Satoru pushed the trains of thought aside; It was far too late now, and, in this moment, he could only focus on one thing at a time.
It was either staying calm or panicking over his past blindness. He had made his choice way too long ago.
Suguru took a sharp breath and mumbled “Yeah, unlike you, I’m a kind man”, huffing and still smiling like he had any energy left. The more Satoru watched him suffer, the more ridiculous the front seemed. Satoru could not exactly blame him, because he would have been doing the same, but he did hate watching him act like everything was fine. Apparently Suguru was not at all bothered that he didn’t answer to the bait, because he just rambled on; “You sent those two assuming that I’d defeat them, didn’t you? To set off Okkotsu?”
Satoru slightly tilted his head. Had he? Had he really assumed that they were doomed to die in battle, a necessary sacrifice?
No. No, he hadn’t.
“I trusted you. Trusted that a man with principles such as yours wouldn’t kill off young sorcerers for no reason.”
All those years and he still could confidently say that he trusted Suguru.
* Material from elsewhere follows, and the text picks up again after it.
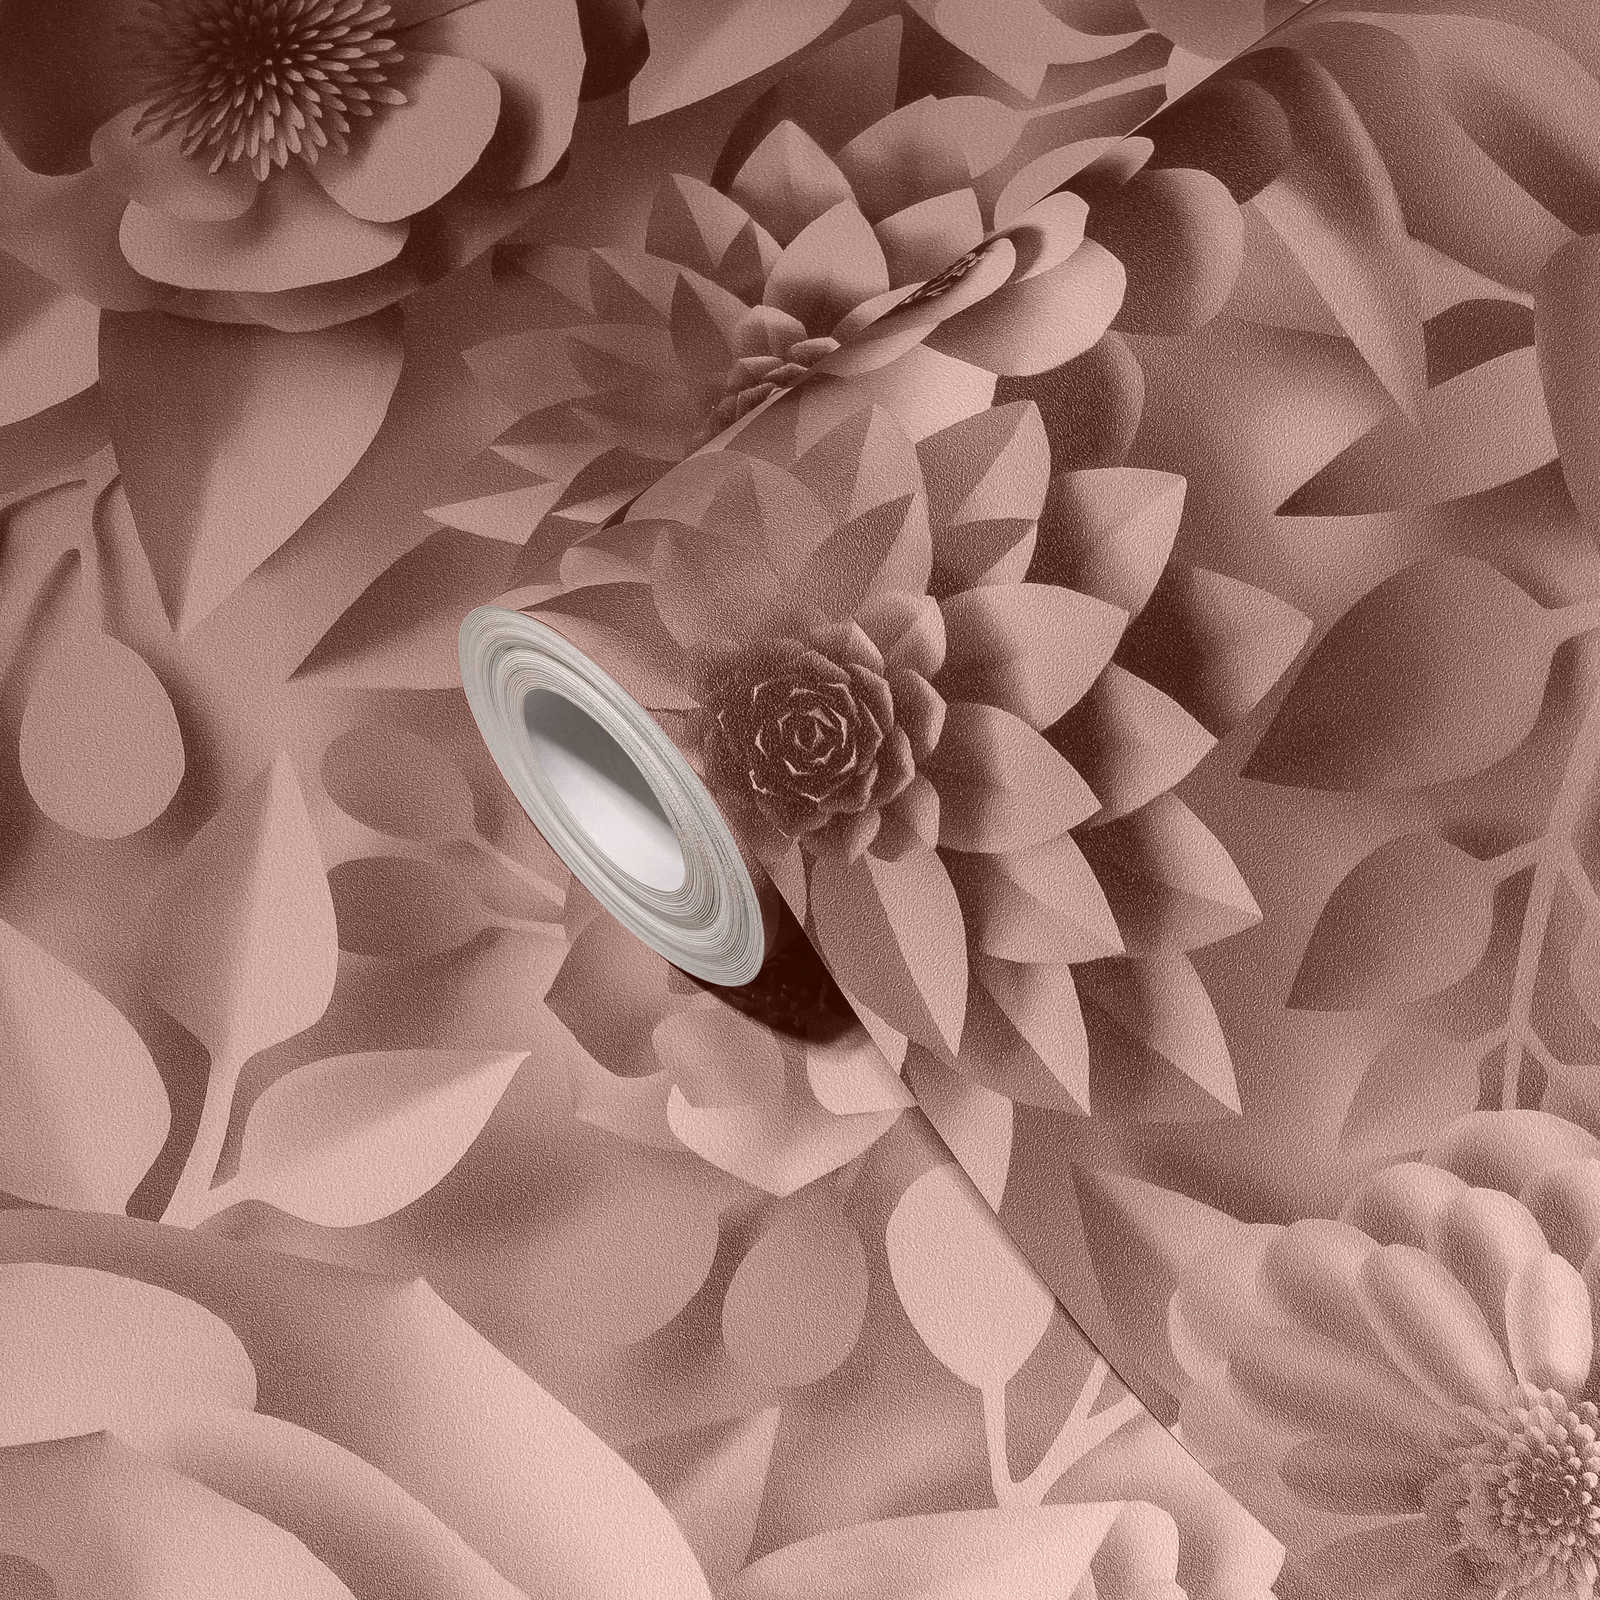             Papier peint 3D avec fleurs en papier, motif graphique de fleurs - rose

It was all so much more than twisted.
“Trust, huh?” Suguru paused, and Satoru knew what he was thinking of. He knew, because he was reliving those same memories.
“I didn’t think I still had any of that left.” But Satoru could not bring himself to react, so the shared moment only lasted a beat, and Suguru seemed to be eager to return the conversation back on track, if there had ever been one in the first place. He shakily fumbled some sort of card out of his torn-up sleeve and handed it to Satoru, who took it without much thought.
“Return this for me, will you?”, Suguru weakly gestured towards the object.
Satoru flipped the aforementioned card around.
Yuta Okkotsu’s student ID.
Huh.
His eyes still on the identification, he remembered a series of events, a certain anxiety that had not known rest since the incident welling up again. Had he always known? He was not sure, and his thoughts may have been racing but that much of a conclusion he could make, even when his head felt wrapped in fabric and his breaths wouldn’t listen anymore.
Where else could Suguru have gotten that ID?
Not looking up, he quietly asked “Was the elementary school your doing as well?”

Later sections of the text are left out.